Anyway here is my problem, I have two different computers, an old desktop with windows xp and a windows vista laptop (which i am currently connected to at the moment with the dreaded usb.) I recently Installed the USB drive on the desktop so i could use the internet on it, and it worked and everything, but the problem is...neither of the two computers can connect with the ethernet port on the modem. I first found out about this problem the day after i installed the drive. I plugged up my ps3 to my modem as usual for a game of Call of Duty WAW, and it kept telling me to plug in a ethernet cable, and it was plugged in. I tried different cables, unplugging and repowering the modem, ipconfig/renew, etc etc and neither of the methods worked at all. Weird thing is the ethernet port on the modem worked properly the same day i installed the drive on my old desktop.
To get to the point, Neither my computer, nor my PS3 can detect the modem via Ethernet. The green hud light on the modem does not show on the "PC" light, but when i connect the usb cable on the modem to my computer, it lights up so i am very lost, which forced me to install the usb drive on this laptop just so i could make this thread (uninstalled the usb drive on desktop in an effort to fix this problem). I also did an ipconfig/all check, which will be enclosed below. Any help would be REALLY great :grin:

-------------------------------------------------------------
Microsoft Windows [Version 6.0.6000]
Copyright (c) 2006 Microsoft Corporation. All rights reserved.
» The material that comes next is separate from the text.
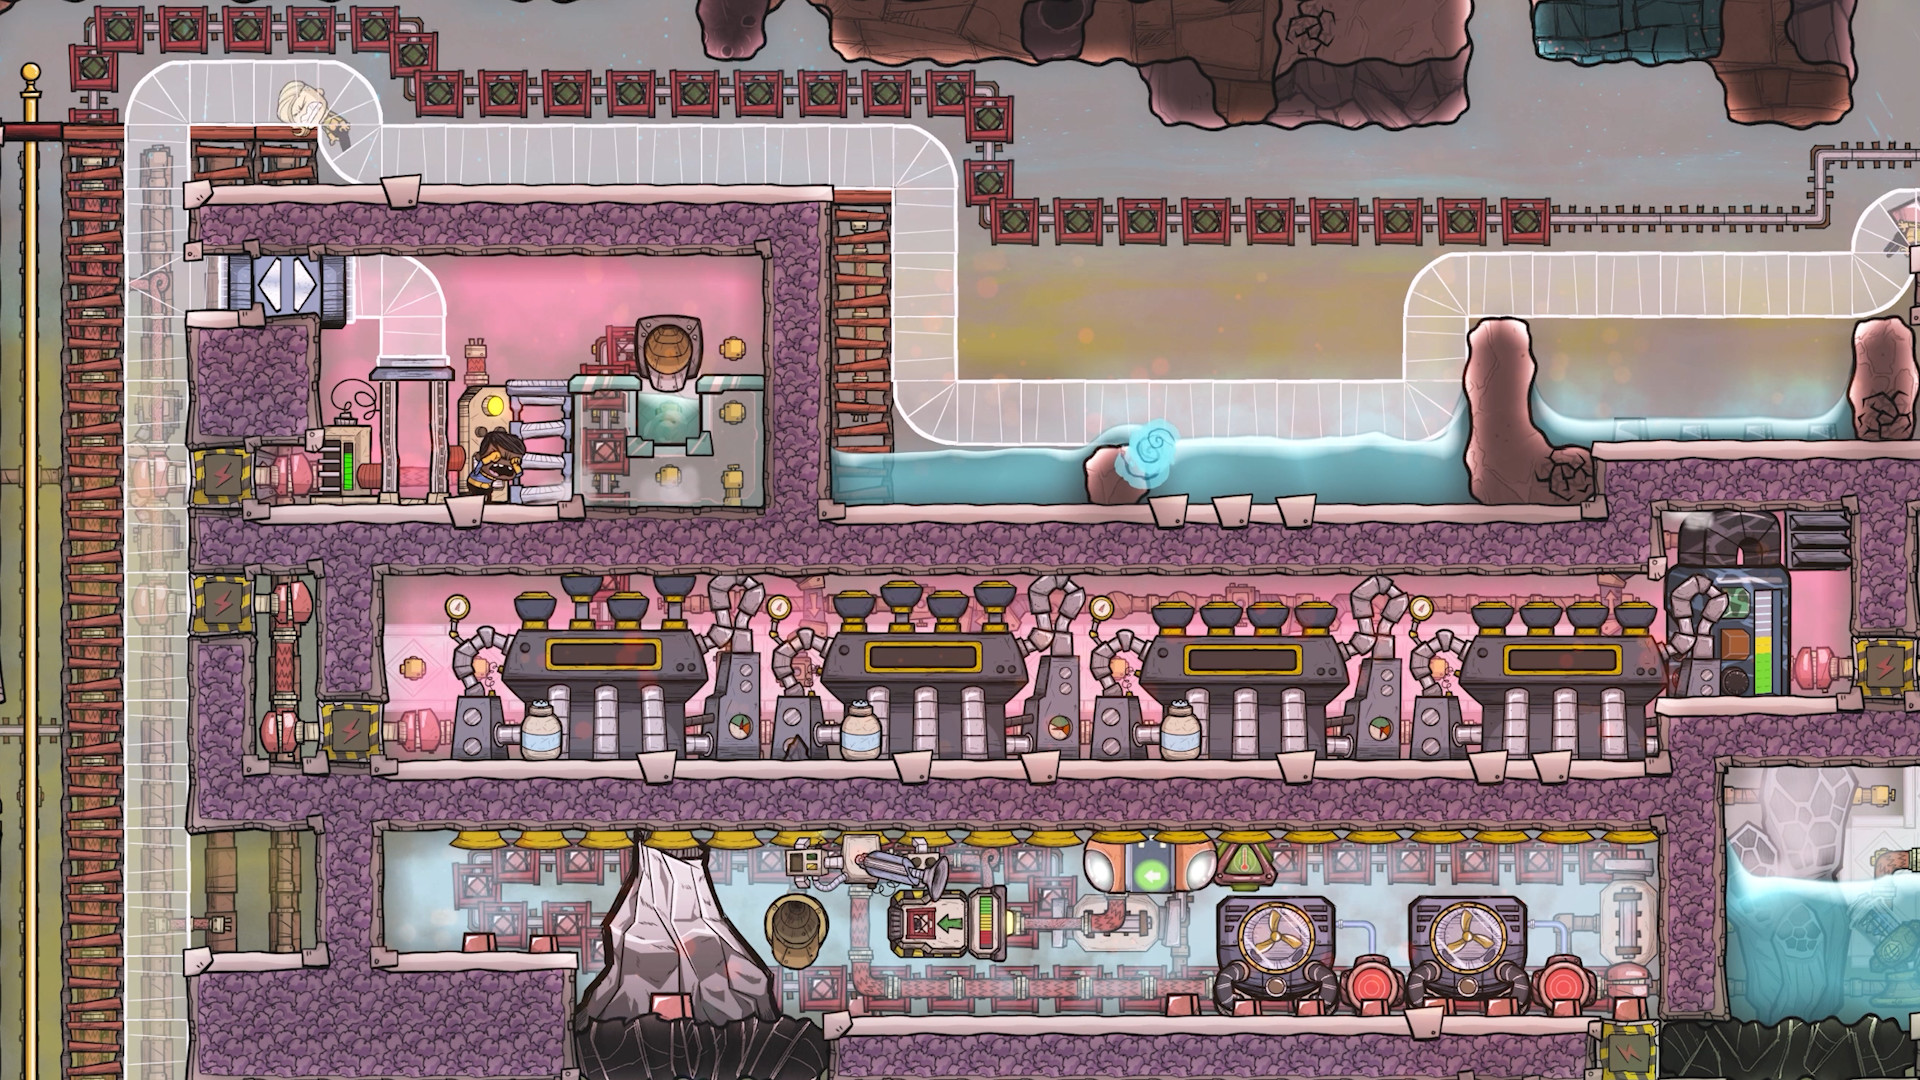 Oxygen Not Included - Spaced Out! Free Download for PC

C:\Windows\system32>ipconfig/all

Windows IP Configuration

Host Name . . . . . . . . . . . . : Shutup
Primary Dns Suffix . . . . . . . :
Node Type . . . . . . . . . . . . : Hybrid
IP Routing Enabled. . . . . . . . : No
WINS Proxy Enabled. . . . . . . . : No

Wireless LAN adapter Wireless Network Connection:

Media State . . . . . . . . . . . : Media disconnected
Connection-specific DNS Suffix . :
Description . . . . . . . . . . . : Realtek RTL8187B Wireless 802.11b/g 54Mbp
s USB 2.0 Network Adapter
Physical Address. . . . . . . . . : 00-C0-A8-FB-C9-A6
DHCP Enabled. . . . . . . . . . . : Yes
Autoconfiguration Enabled . . . . : Yes

Ethernet adapter Local Area Connection:

Media State . . . . . . . . . . . : Media disconnected
Connection-specific DNS Suffix . :
Description . . . . . . . . . . . : Realtek RTL8101E Family PCI-E Fast Ethern
et NIC (NDIS 6.0)
Physical Address. . . . . . . . . : 00-00-00-00-00-00
DHCP Enabled. . . . . . . . . . . : Yes
Autoconfiguration Enabled . . . . : Yes

Tunnel adapter Local Area Connection* 6:

Media State . . . . . . . . . . . : Media disconnected
Connection-specific DNS Suffix . :
Description . . . . . . . . . . . : isatap.{AA48A3F7-7BAE-49E0-A164-00354C820
D7C}
Physical Address. . . . . . . . . : 00-00-00-00-00-00-00-E0
DHCP Enabled. . . . . . . . . . . : No
Autoconfiguration Enabled . . . . : Yes

Tunnel adapter Local Area Connection* 7:

Media State . . . . . . . . . . . : Media disconnected
Connection-specific DNS Suffix . :
Description . . . . . . . . . . . : 6TO4 Adapter
Physical Address. . . . . . . . . : 00-00-00-00-00-00-00-E0
DHCP Enabled. . . . . . . . . . . : No
Autoconfiguration Enabled . . . . : Yes

Tunnel adapter Local Area Connection* 9:

Media State . . . . . . . . . . . : Media disconnected
Connection-specific DNS Suffix . :
Description . . . . . . . . . . . : Teredo Tunneling Pseudo-Interface
Physical Address. . . . . . . . . : 02-00-54-55-4E-01
DHCP Enabled. . . . . . . . . . . : No
Autoconfiguration Enabled . . . . : Yes

Tunnel adapter Local Area Connection* 11:

Media State . . . . . . . . . . . : Media disconnected
Connection-specific DNS Suffix . :
Description . . . . . . . . . . . : 6TO4 Adapter
Physical Address. . . . . . . . . : 00-00-00-00-00-00-00-E0
DHCP Enabled. . . . . . . . . . . : No
Autoconfiguration Enabled . . . . : Yes

Tunnel adapter Local Area Connection* 13:

Media State . . . . . . . . . . . : Media disconnected
Connection-specific DNS Suffix . :
Description . . . . . . . . . . . : isatap.{3220ACBD-1EDA-4B01-929F-B36265F91
304}
Physical Address. . . . . . . . . : 00-00-00-00-00-00-00-E0
DHCP Enabled. . . . . . . . . . . : No
Autoconfiguration Enabled . . . . : Yes

C:\Windows\system32>


----------



## johnwill (Sep 26, 2002)

You MUST power cycle the modem whenever you change the attached device OR change from USB to Ethernet.


----------



## Korean_Dude (Jan 20, 2009)

tried it, still doesn't work.


----------



## johnwill (Sep 26, 2002)

It sounds like either the ISP has disabled the Ethernet, or the port may be defective.


----------